- [Information supplied]:

Start of Block

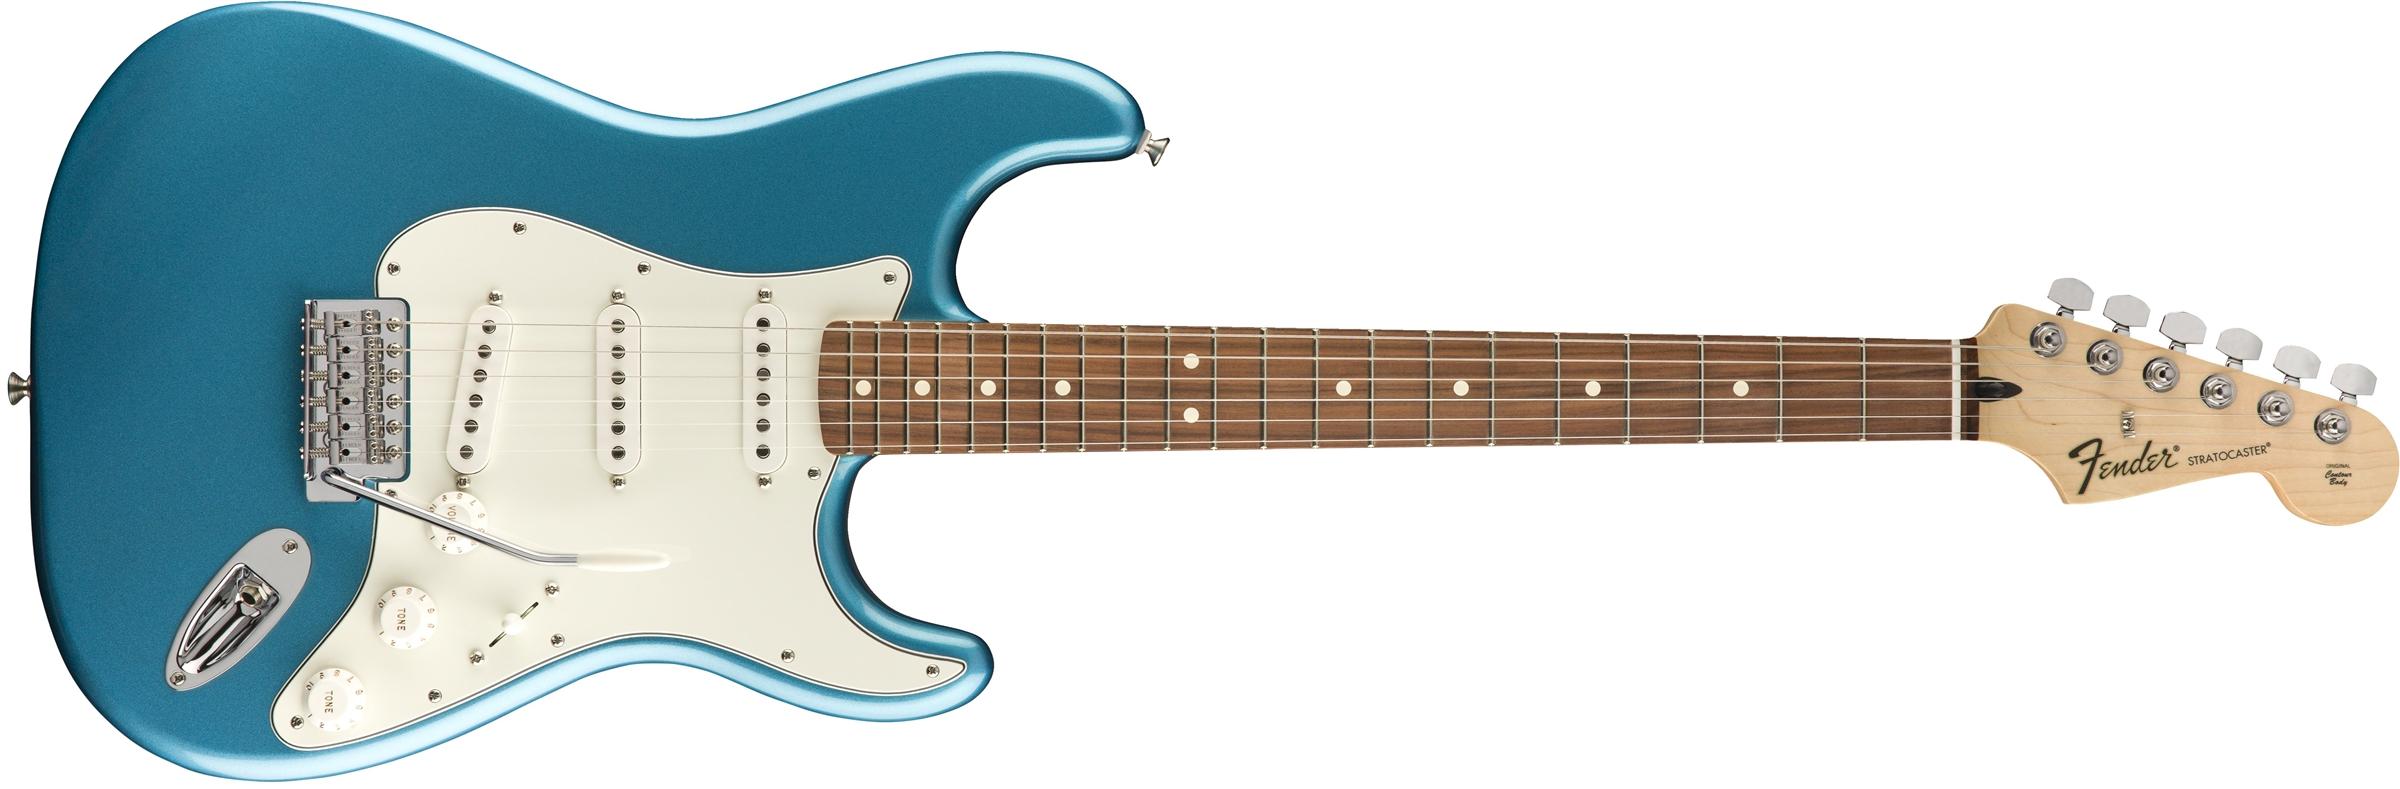 Standard Stratocaster 174 Fender Electric Guitars
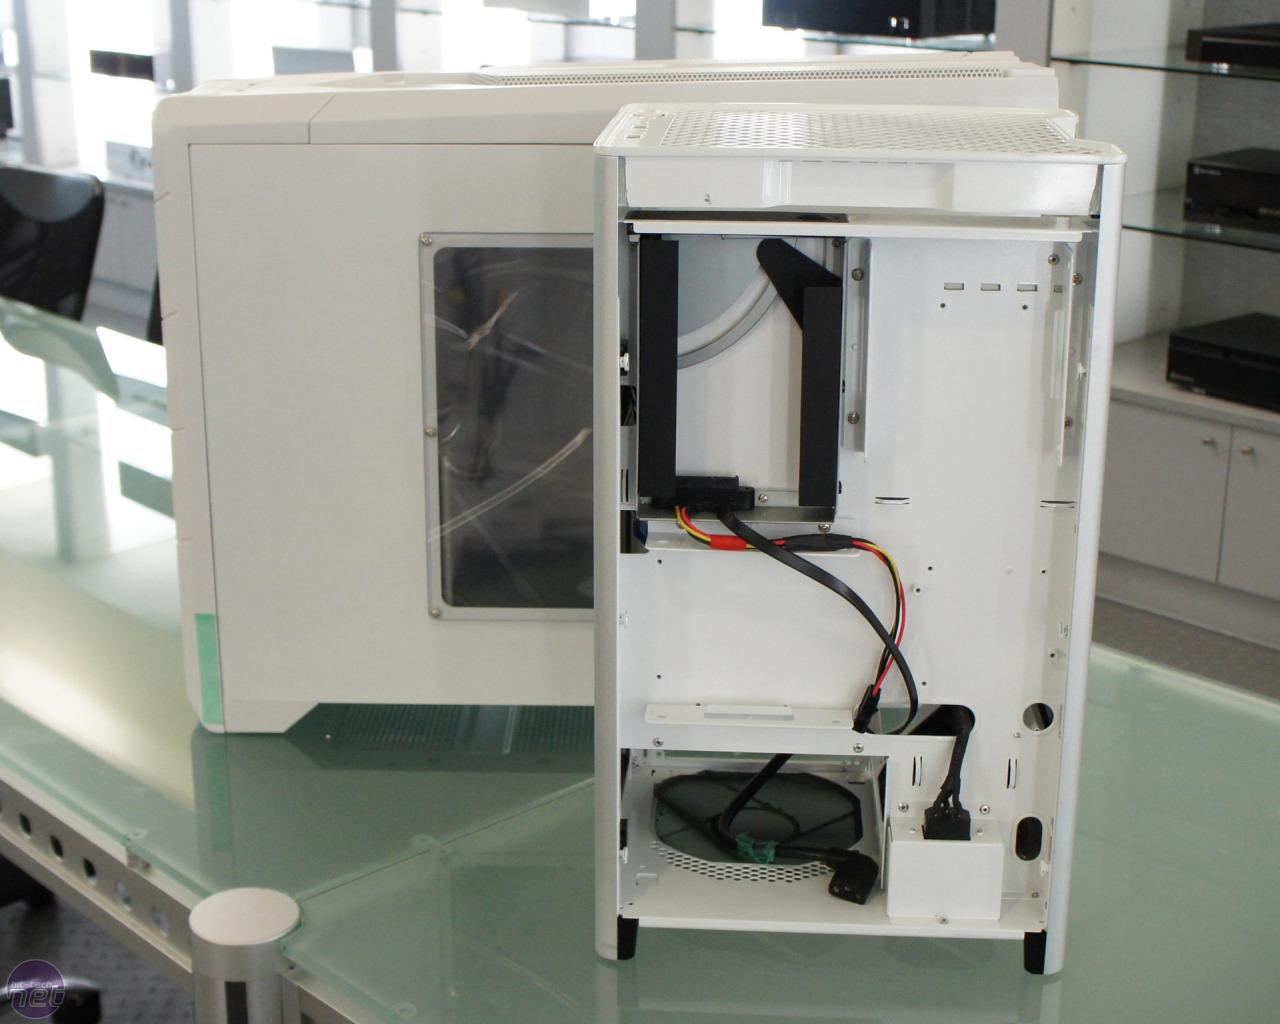 Clean slot loading optical drive
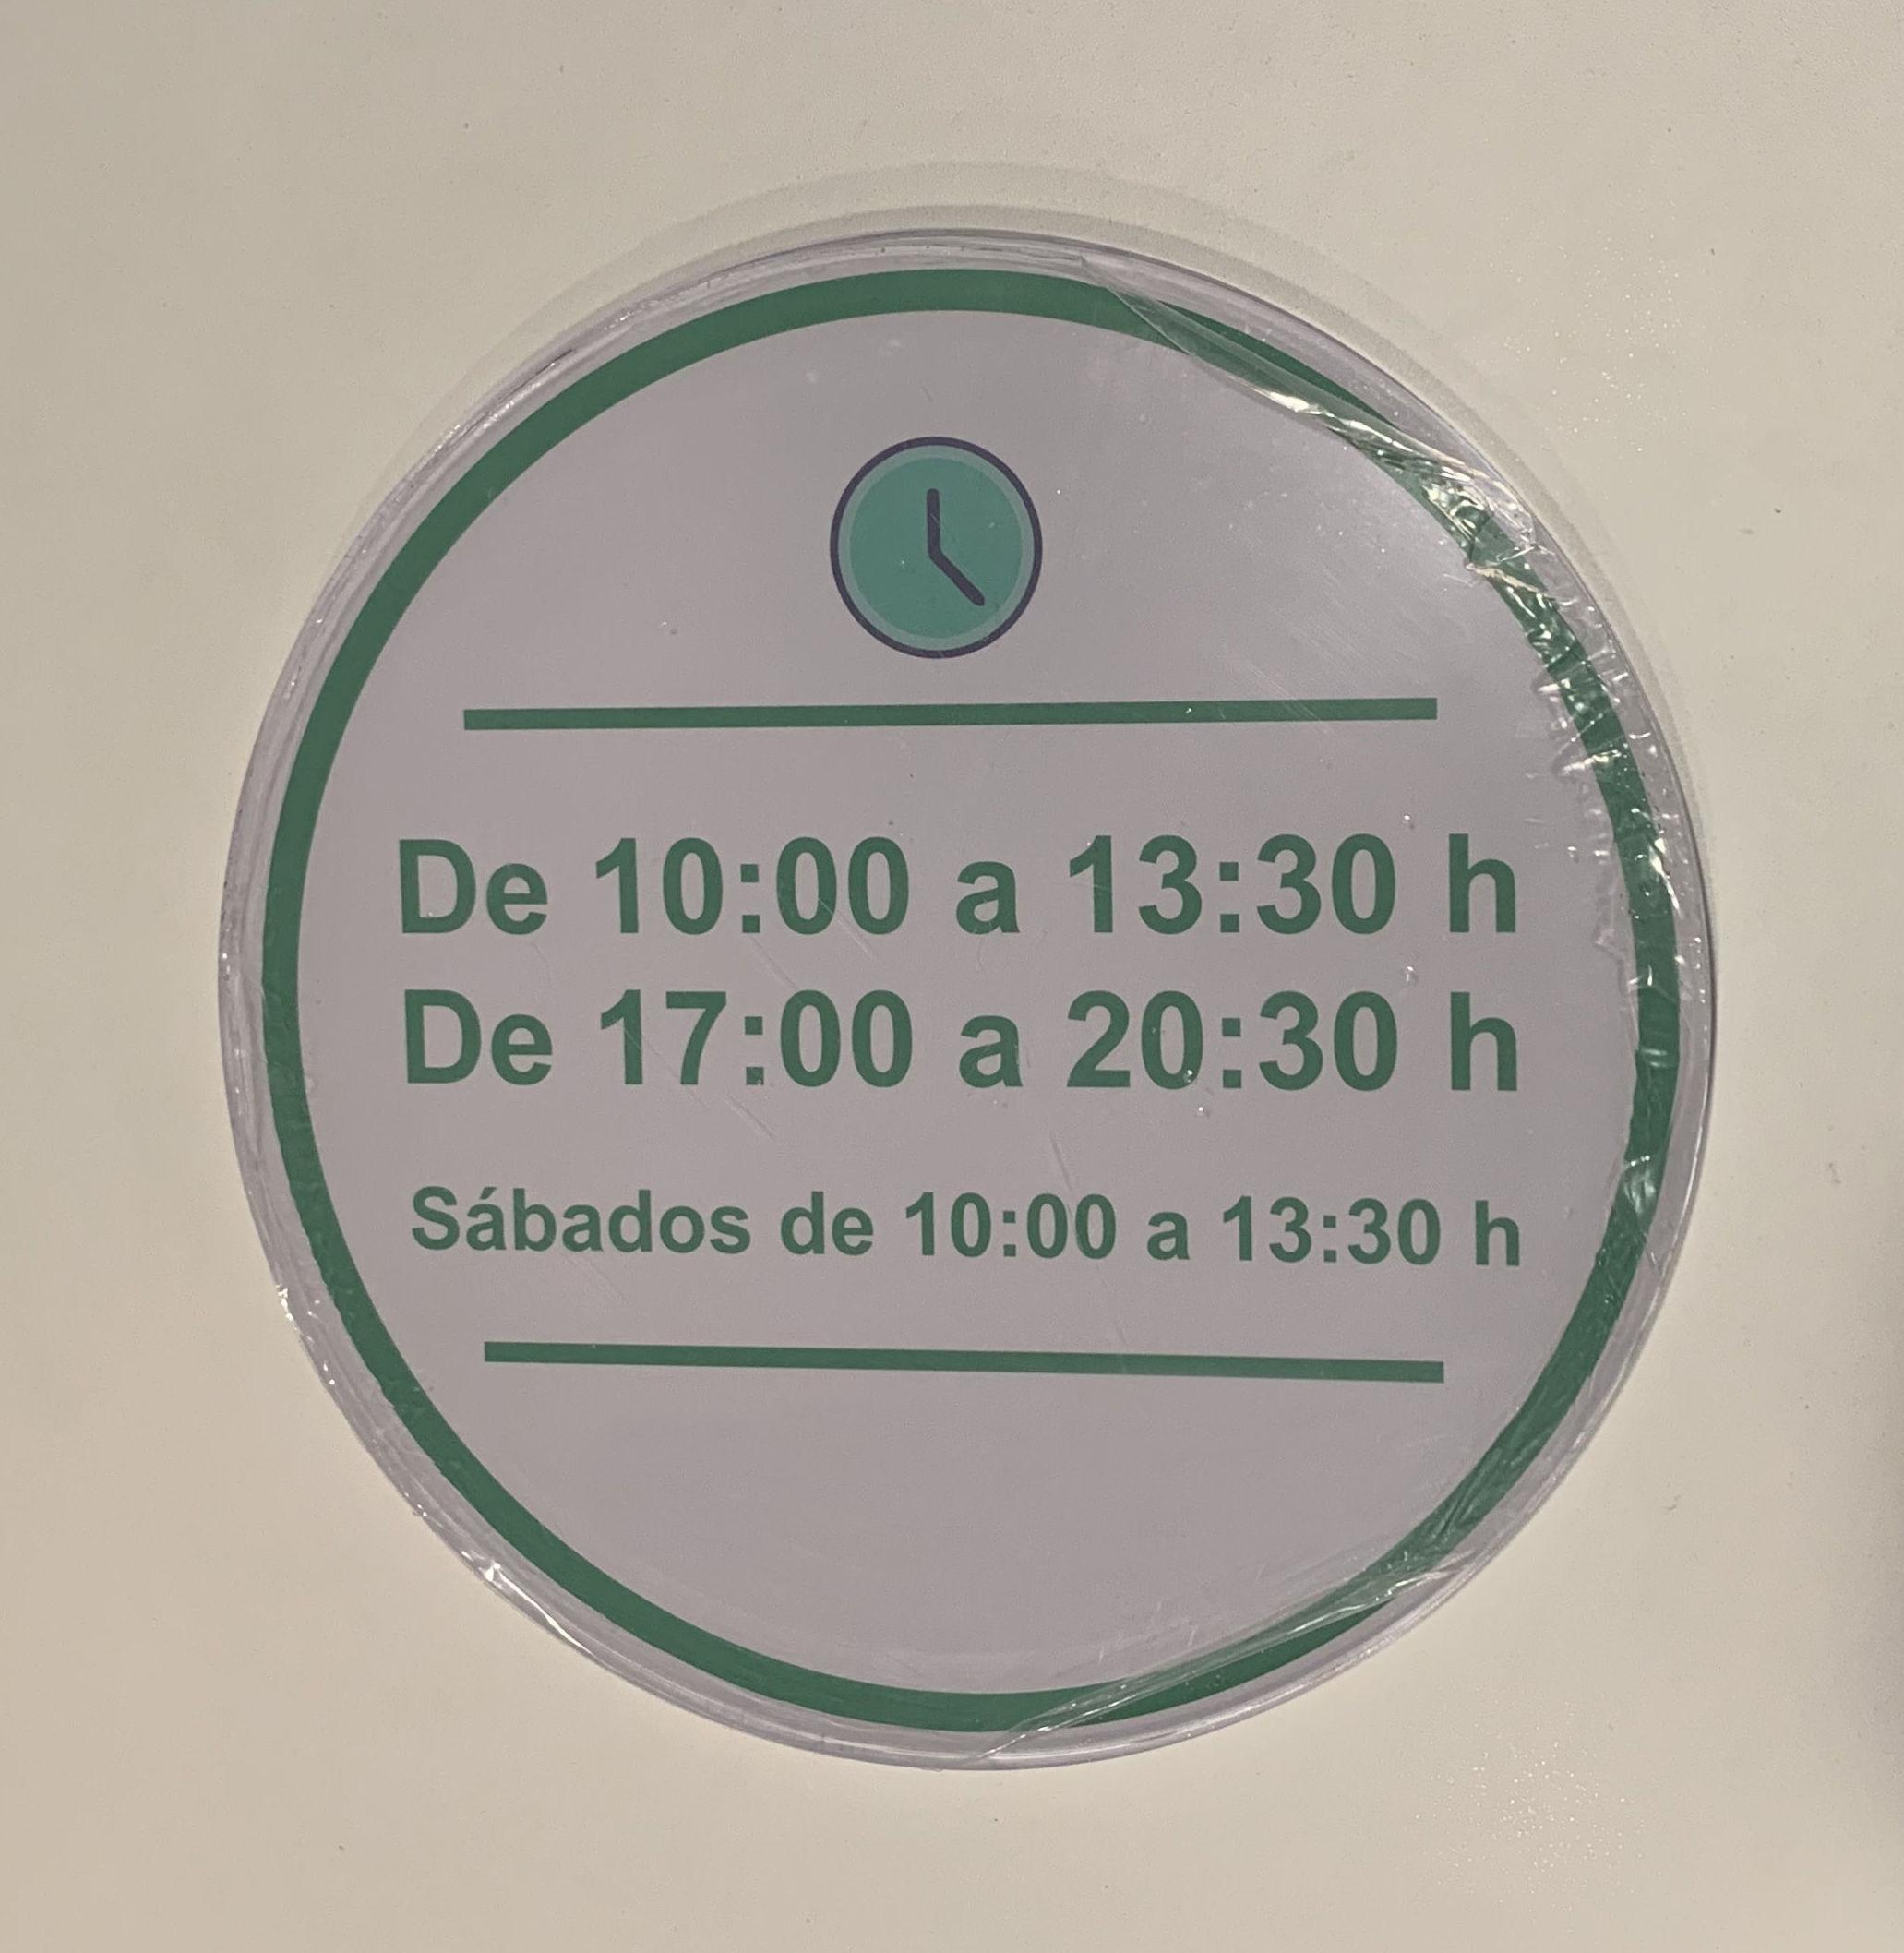 Metacrilato circular con gráfica trasera en vinilo impreso

End of Block

- [Requirement]: Retype exactly, and only, the lines from the one containing "Clean slot loading optical drive" through the end of the material, leaving aside every picture.

- [Answer for the task]:
 Clean slot loading optical drive
 Metacrilato circular con gráfica trasera en vinilo impreso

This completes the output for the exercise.